From the line with "Attica Dry Sack" to the end of the data below, restate each line word for word, both ends included, without the pictures.

◆ Provided material:
=======

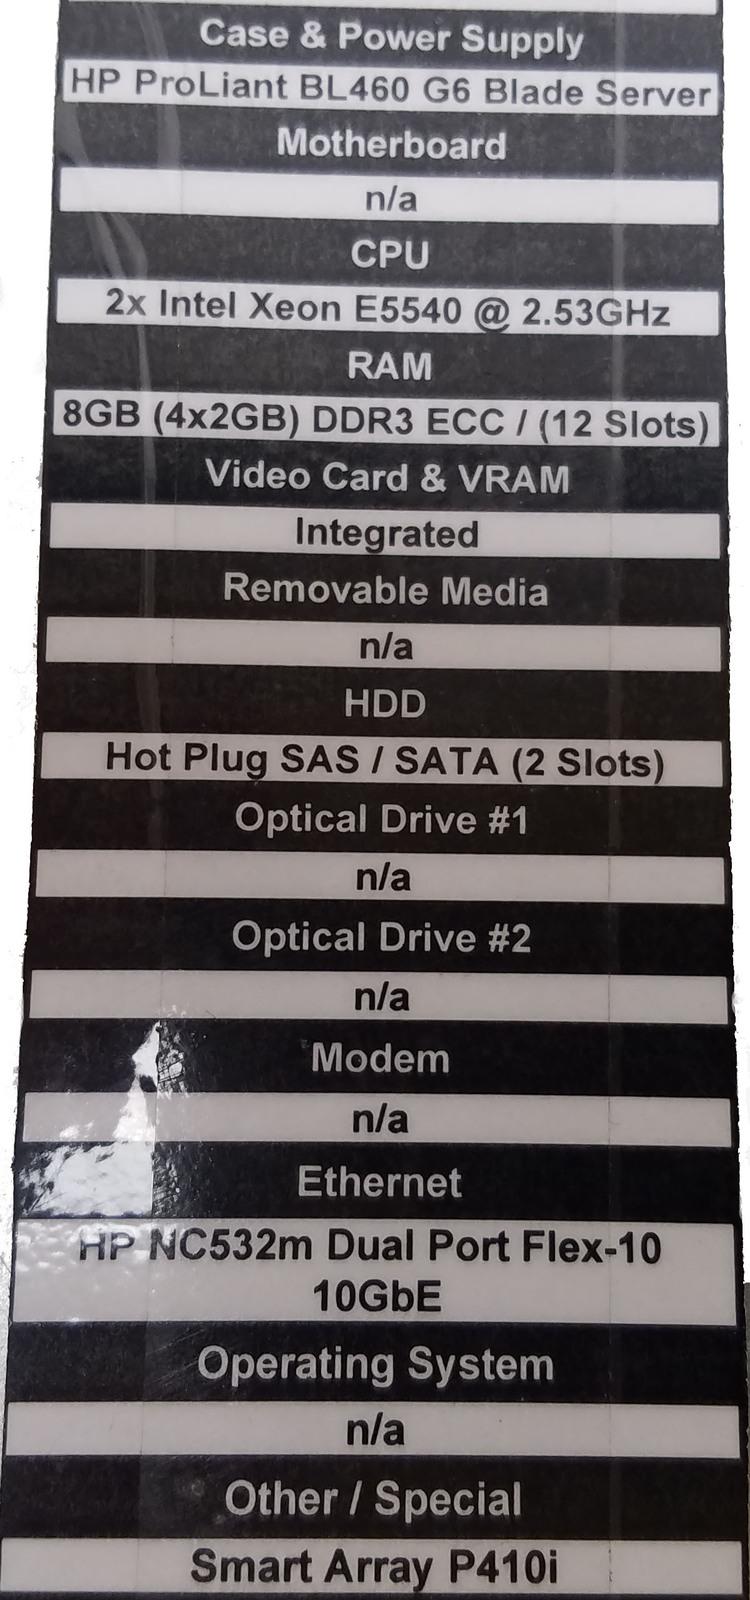 HP ProLiant BL460 G6 Blade Server With 2x Xeon (No HDD) Bin:1
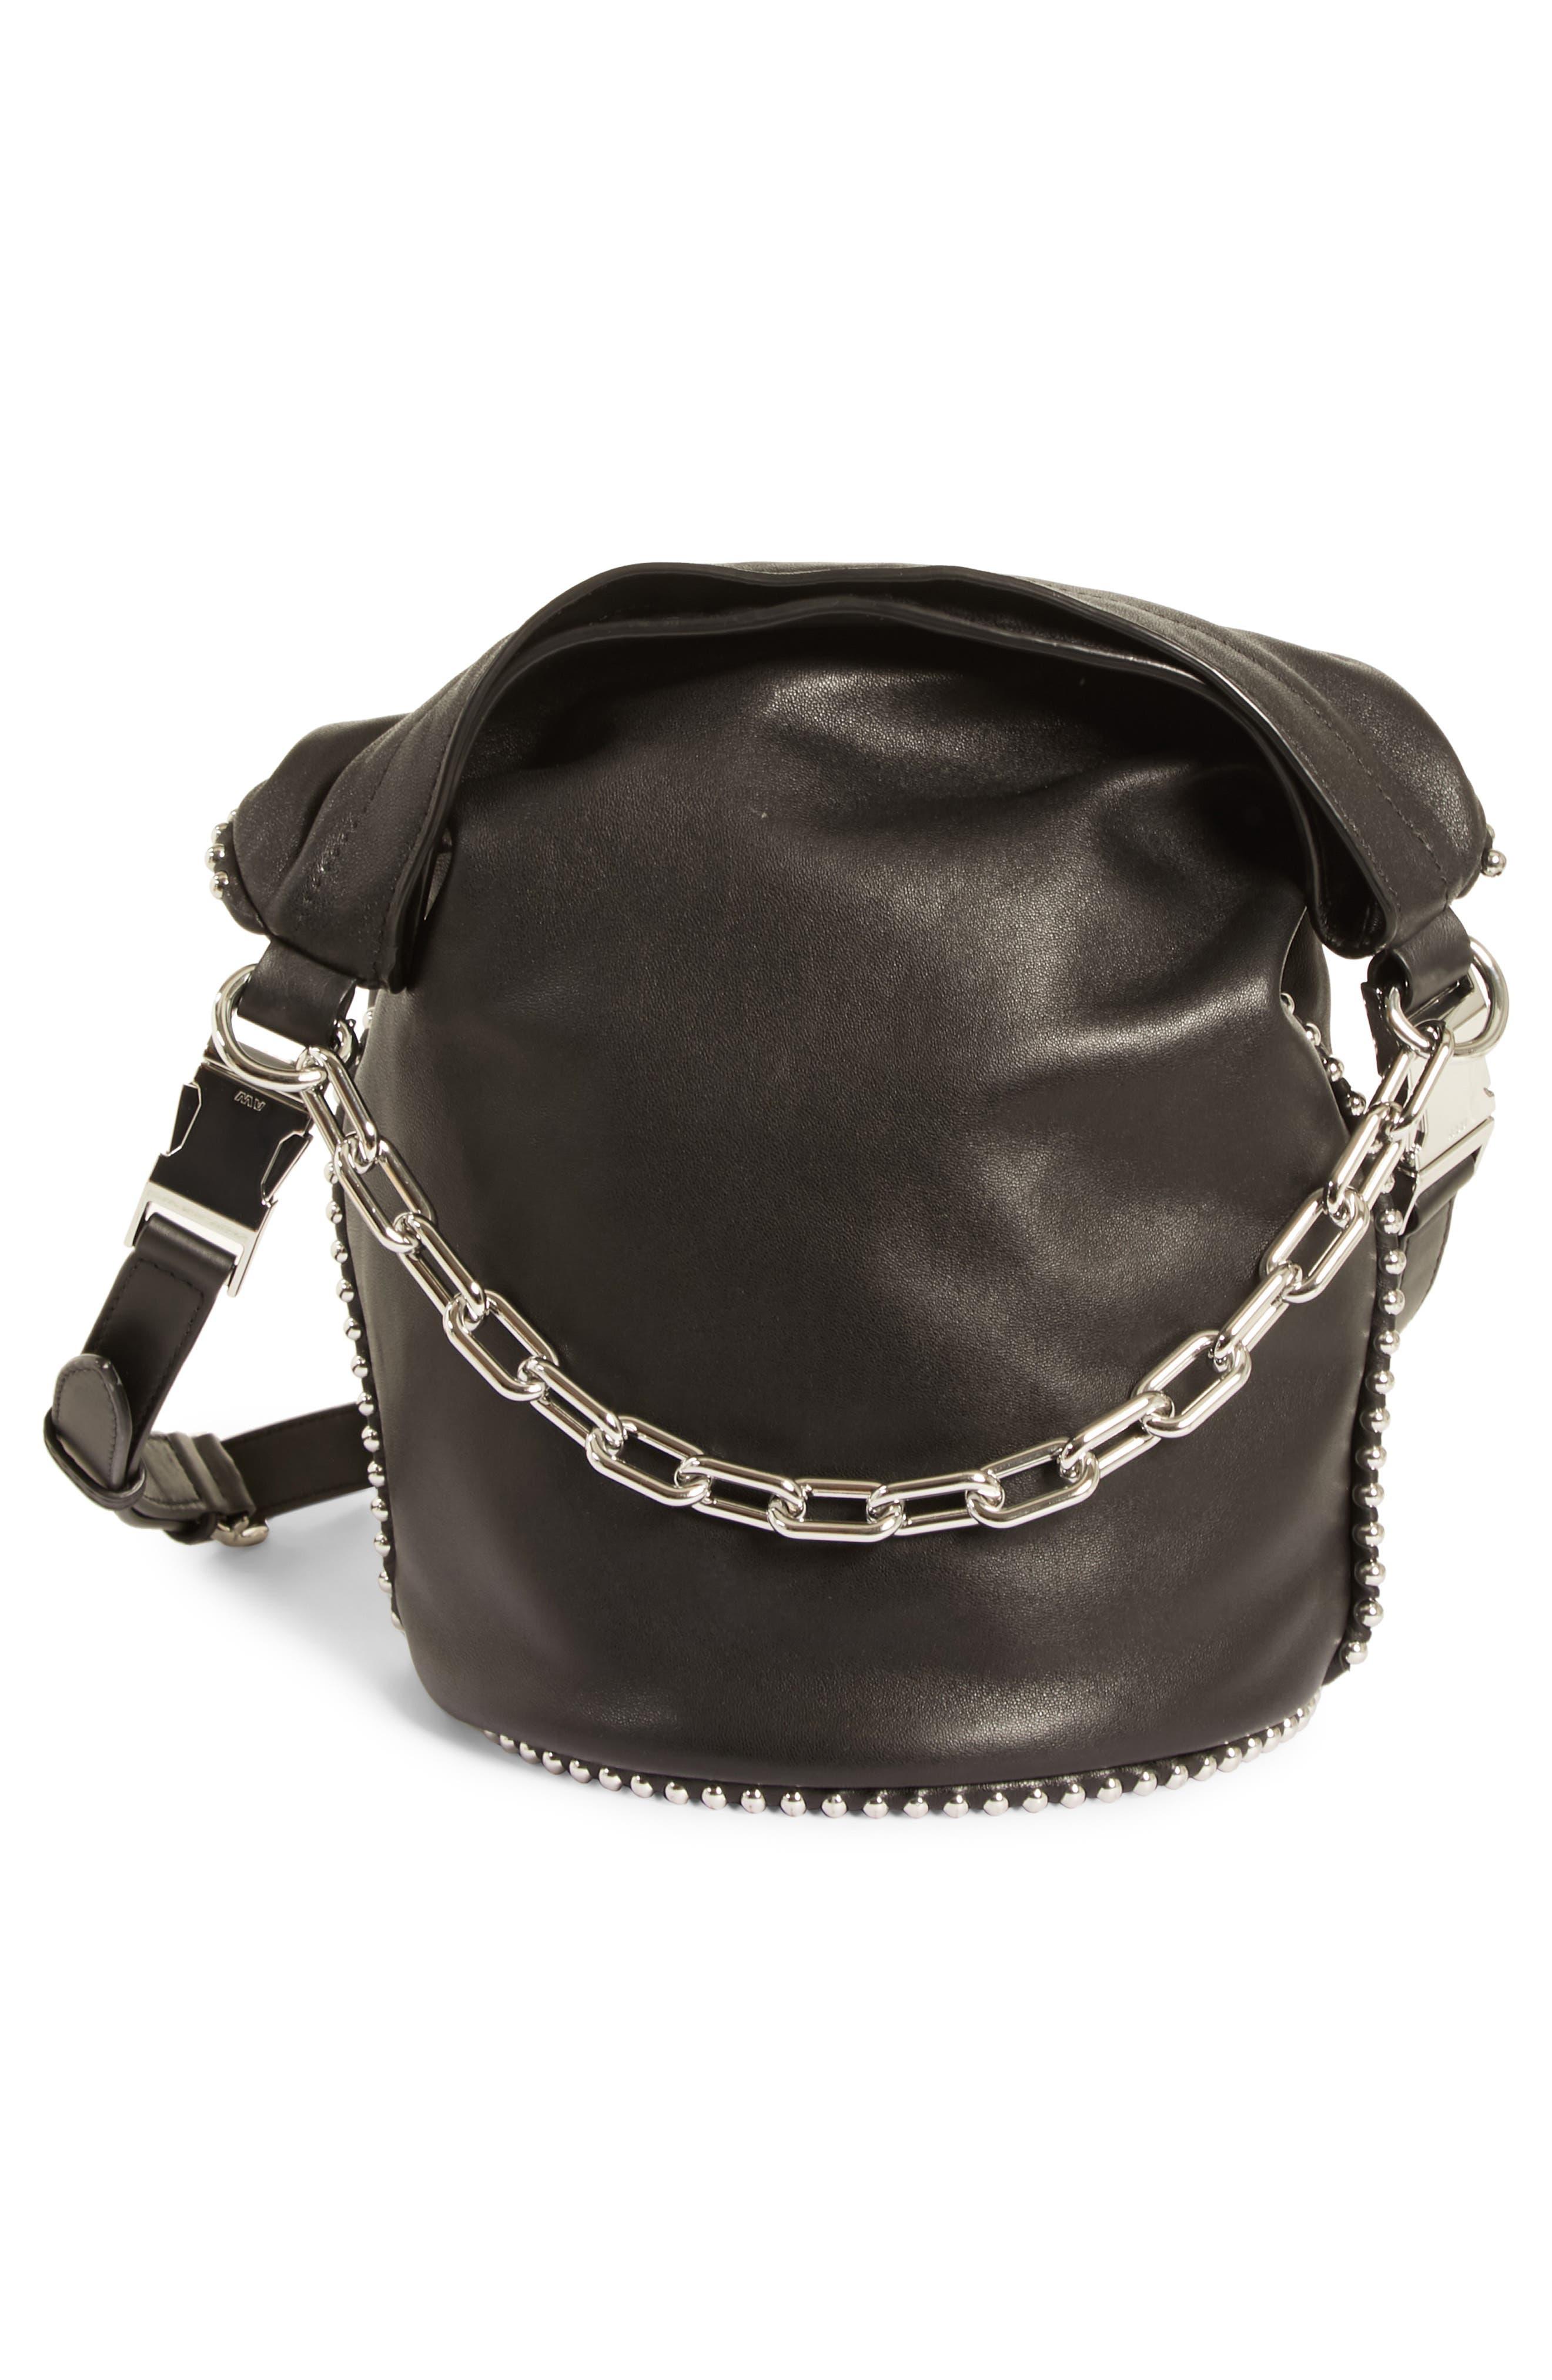 Attica Dry Sack Leather Bucket Bag,                             Alternate thumbnail 3, color,                             BLACK
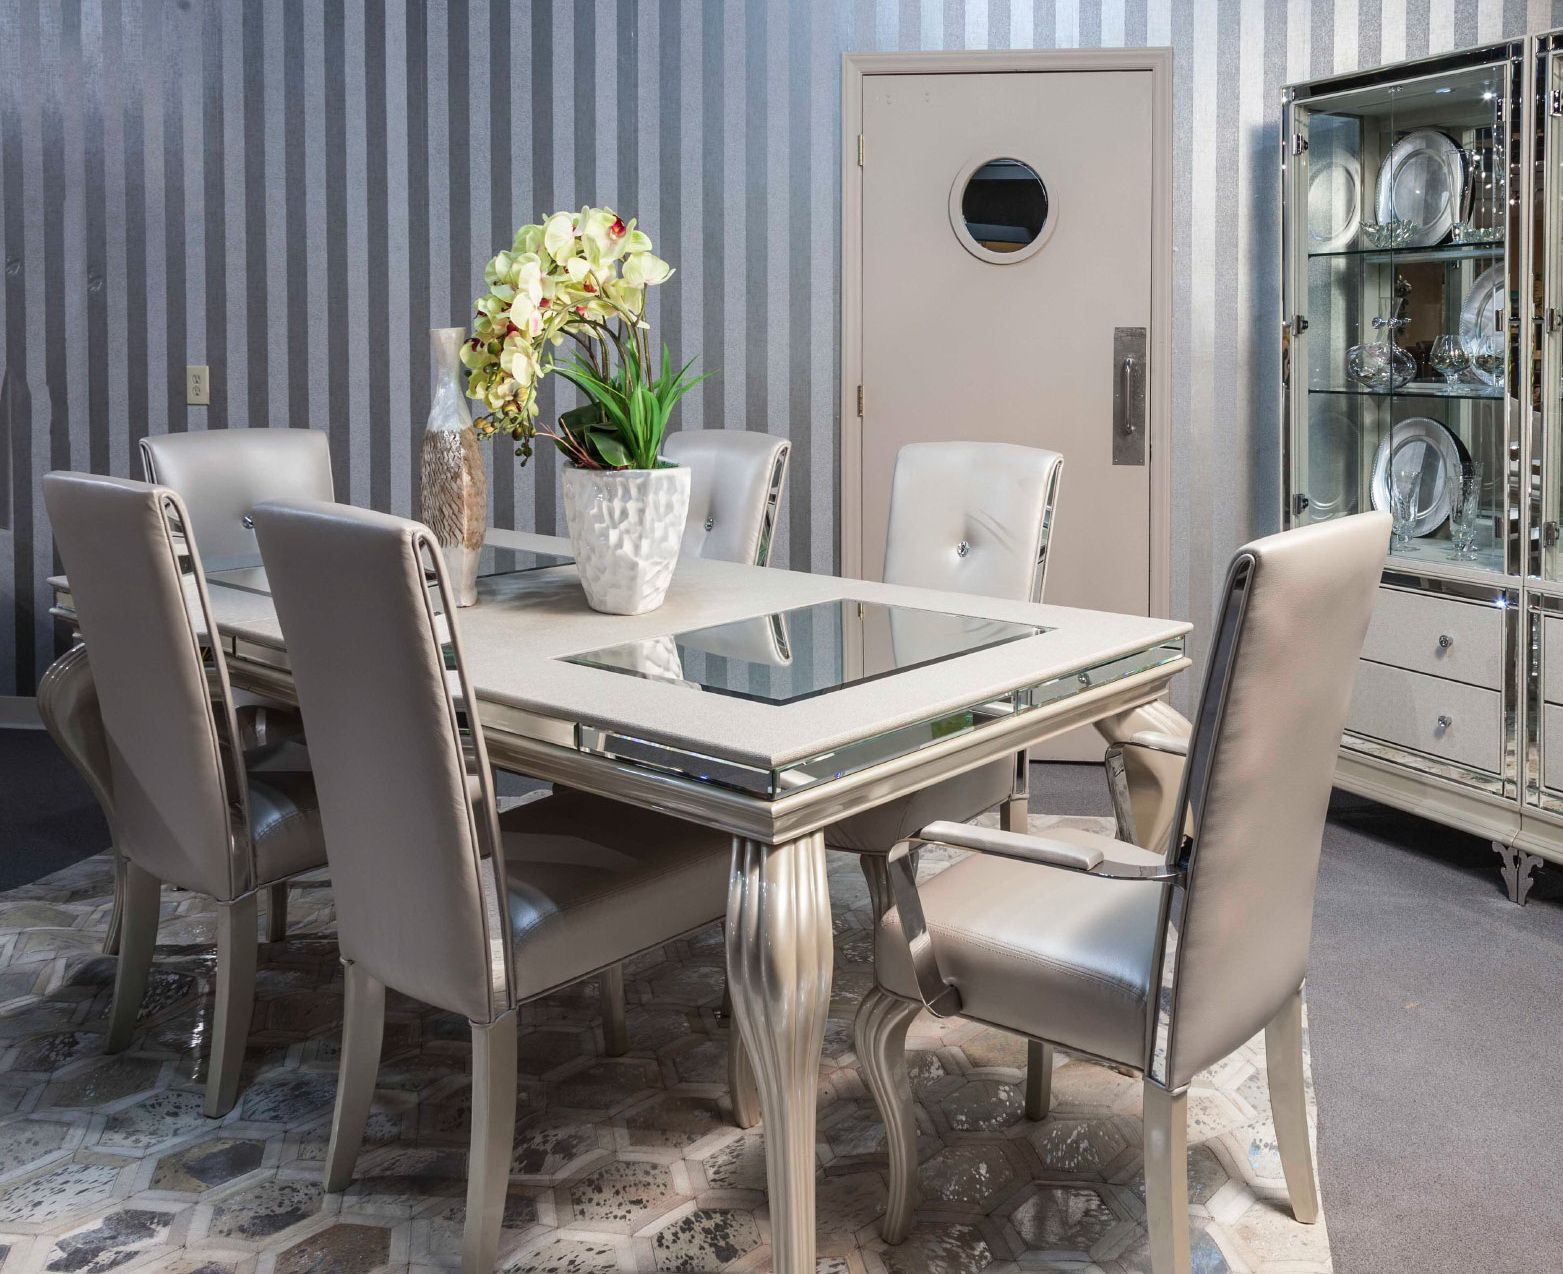 Best Hollywood Loft Frost 8 Pc Dining Set By Aico Görüntüler 400 x 300

=======

◆ Written answer:
 Attica Dry Sack Leather Bucket Bag,                             Alternate thumbnail 3, color,                             BLACK
 Best Hollywood Loft Frost 8 Pc Dining Set By Aico Görüntüler 400 x 300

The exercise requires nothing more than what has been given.